Hemorrhagic contusions are often the most visible lesions following traumatic brain injury. However, the incidence, location, and natural history of traumatic parenchymal hemorrhage and its impact on neurological outcome have been understudied. The authors sought to examine the location and longitudinal evolution of traumatic parenchymal hemorrhage and its association with cognitive outcome.

METHODS

Sixteen patients with hemorrhagic contusions due to acceleration-deceleration injuries underwent MRI in the acute (mean 6.3 days postinjury) and chronic (mean 192.9 days postinjury) phases. ImageJ was used to generate GRE and FLAIR volumes. To account for the effect of head-size variability across individuals, the authors calculated each patient's total brain tissue volume using SIENAX. GRE and FLAIR volumes were normalized to the total brain tissue volume, and values for absolute and percent lesion volume and total brain volume change were generated. Spearman's rank correlations were computed to determine associations between neuroimaging and 6-month postinjury neuropsychological testing of attention (Symbol Digit Modalities Test [SDMT], oral [O] and written [W] versions), memory (Selective Reminding Test, total learning and delayed recall), and executive function (Trail Making Test Part B [TMT-B]).

RESULTS

The patients' mean age was 31.4 ± 14.0 years and their mean Glasgow Coma Scale score at admission was 7.9 ± 2.8. Lesions were predominantly localized to the frontal (11 lesions) and temporal (9 lesions) lobes. The average percent reductions in GRE and FLAIR volumes were 44.2% ± 46.1% and 80.5% ± 26.3%, respectively. While total brain and frontal lesion volumes did not correlate with brain atrophy, larger temporal lobe GRE and FLAIR volumes were associated with larger volumes of atrophy (GRE: acute, −0.87, p < 0.01, chronic, −0.78, p < 0.01; FLAIR: acute, −0.81, p < 0.01, chronic, −0.88, p < 0.01). Total percent volume change of GRE lesions correlated with TMT-B (0.53, p < 0.05) and SDMT-O (0.62, p < 0.05) scores. Frontal lobe lesion volume did not correlate with neuropsychological outcome. However, robust relationships were seen in the temporal lobe, with larger acute temporal lobe GRE volumes were associated with worse scores on both oral and written versions of the SDMT (SDMT-W, −0.85, p < 0.01; SDMT-O, −0.73, p < 0.05). Larger absolute change in temporal GRE volume was strongly associated with worse SDMT scores (SDMT-W, 0.88, p < 0.01; SDMT-O, 0.75, p < 0.05). The same relationships were also seen between temporal FLAIR lesion volumes and neuropsychological outcome.

CONCLUSIONS

Traumatic parenchymal hemorrhages are largely clustered in the frontal and temporal lobes, and significant residual blood products are present at 6 months postinjury, a potential source of ongoing secondary brain injury. Neuropsychological outcome is closely tied to lesion volume size, particularly in the temporal lobe, where larger GRE and FLAIR volumes are associated with more brain atrophy and worse SDMT scores. Interestingly, larger volumes of hemorrhage resorption were associated with worse SDMT and TMT-B scores, suggesting that the initial tissue damage had a lasting impact on attention and executive function.

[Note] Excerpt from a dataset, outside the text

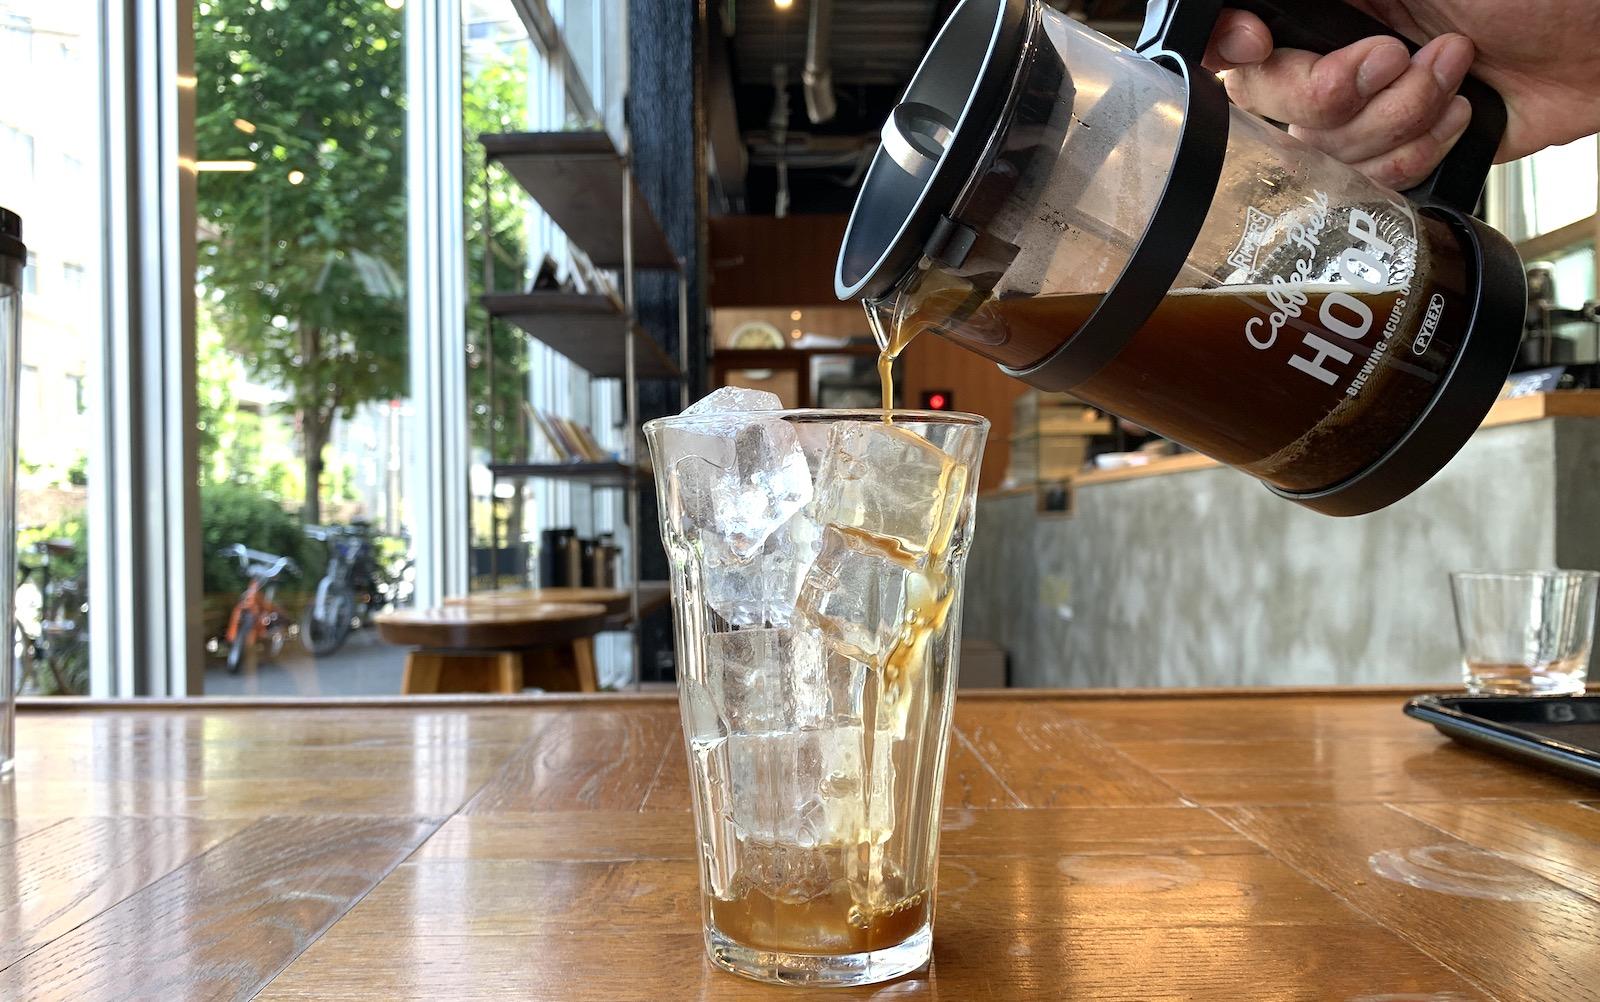 アイスコーヒー作り方2019

ABBREVIATIONSDAI = diffuse axonal injury; FLAIR = fluid-attenuated inversion recovery; GCS = Glasgow Coma Scale; GOS = Glasgow Outcome Scale; GOSE = GOS-extended; GRE = gradient recalled echo; ICH = intracerebral hemorrhage; ICP = intracranial pressure; MNI = Montreal Neurological Institute; MP-RAGE = magnetization-prepared gradient echo; ROI = region of interest; SDMT = Symbol Digit Modalities Test; SDMT-O = SDMT-Oral; SDMT-W = SDMT-Written; SRT-6 = 6-trial version of the Selective Reminding Test; TBI = traumatic brain injury; TMT-B = part B of the Trail Making Test.

Article Information

INCLUDE WHEN CITING Published online May 27, 2016; DOI: 10.3171/2016.3.JNS151781.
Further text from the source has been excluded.